Work required -> Could you print exactly the lines of the listing below, starting at the line that has "BibleQuestions.info" and ending at the line that has "دانلود فیلم Looper 2012 با دوبله فارسی", and only those lines?

Records for the exercise ->
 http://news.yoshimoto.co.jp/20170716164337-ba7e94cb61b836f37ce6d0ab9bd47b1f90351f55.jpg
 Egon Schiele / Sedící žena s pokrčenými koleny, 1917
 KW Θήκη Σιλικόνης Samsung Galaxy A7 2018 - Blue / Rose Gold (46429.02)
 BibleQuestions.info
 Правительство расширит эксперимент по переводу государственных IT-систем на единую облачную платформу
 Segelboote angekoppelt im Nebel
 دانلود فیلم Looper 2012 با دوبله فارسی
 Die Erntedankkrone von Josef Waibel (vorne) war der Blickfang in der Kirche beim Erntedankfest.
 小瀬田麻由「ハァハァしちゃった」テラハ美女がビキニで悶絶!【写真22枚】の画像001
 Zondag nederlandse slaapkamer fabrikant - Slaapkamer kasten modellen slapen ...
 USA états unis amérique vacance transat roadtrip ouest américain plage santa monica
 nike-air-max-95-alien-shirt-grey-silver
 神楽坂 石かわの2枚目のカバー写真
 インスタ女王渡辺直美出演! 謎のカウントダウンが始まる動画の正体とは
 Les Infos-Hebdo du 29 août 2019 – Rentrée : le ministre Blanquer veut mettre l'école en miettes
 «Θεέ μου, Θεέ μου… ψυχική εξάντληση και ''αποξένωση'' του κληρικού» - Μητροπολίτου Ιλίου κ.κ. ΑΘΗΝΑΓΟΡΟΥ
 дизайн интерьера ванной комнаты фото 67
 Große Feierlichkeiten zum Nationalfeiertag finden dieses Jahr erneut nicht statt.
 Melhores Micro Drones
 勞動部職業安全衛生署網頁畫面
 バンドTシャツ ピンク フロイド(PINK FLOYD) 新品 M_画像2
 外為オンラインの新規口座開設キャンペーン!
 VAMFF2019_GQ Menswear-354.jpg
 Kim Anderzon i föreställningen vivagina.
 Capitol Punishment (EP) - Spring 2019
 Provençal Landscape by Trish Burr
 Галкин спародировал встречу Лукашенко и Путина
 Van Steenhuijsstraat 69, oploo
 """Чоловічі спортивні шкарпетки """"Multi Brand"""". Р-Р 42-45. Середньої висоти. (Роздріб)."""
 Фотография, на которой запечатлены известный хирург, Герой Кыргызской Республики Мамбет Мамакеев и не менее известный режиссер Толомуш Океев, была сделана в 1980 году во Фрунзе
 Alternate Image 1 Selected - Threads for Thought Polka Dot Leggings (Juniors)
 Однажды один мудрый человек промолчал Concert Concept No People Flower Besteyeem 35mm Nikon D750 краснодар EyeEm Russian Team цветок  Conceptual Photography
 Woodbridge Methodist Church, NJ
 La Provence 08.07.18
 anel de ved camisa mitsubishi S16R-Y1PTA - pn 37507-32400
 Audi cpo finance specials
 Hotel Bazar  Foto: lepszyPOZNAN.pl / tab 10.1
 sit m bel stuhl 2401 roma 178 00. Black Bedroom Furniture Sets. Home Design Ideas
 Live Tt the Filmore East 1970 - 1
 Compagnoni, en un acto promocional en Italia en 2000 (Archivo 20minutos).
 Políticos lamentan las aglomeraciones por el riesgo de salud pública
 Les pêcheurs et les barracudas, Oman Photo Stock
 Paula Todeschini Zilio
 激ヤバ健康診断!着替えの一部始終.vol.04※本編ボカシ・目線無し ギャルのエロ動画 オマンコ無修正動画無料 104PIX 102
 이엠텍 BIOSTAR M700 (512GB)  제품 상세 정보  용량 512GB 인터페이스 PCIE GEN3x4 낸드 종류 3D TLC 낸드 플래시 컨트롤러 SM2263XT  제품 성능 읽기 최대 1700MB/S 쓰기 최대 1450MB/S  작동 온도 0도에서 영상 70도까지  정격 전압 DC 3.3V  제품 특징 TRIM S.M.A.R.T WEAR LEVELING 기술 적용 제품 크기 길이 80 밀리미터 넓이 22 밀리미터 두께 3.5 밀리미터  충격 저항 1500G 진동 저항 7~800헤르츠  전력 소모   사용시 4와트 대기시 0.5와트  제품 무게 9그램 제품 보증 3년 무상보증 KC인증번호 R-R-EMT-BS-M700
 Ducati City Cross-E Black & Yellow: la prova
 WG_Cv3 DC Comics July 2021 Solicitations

The completed task ->
 BibleQuestions.info
 Правительство расширит эксперимент по переводу государственных IT-систем на единую облачную платформу
 Segelboote angekoppelt im Nebel
 دانلود فیلم Looper 2012 با دوبله فارسی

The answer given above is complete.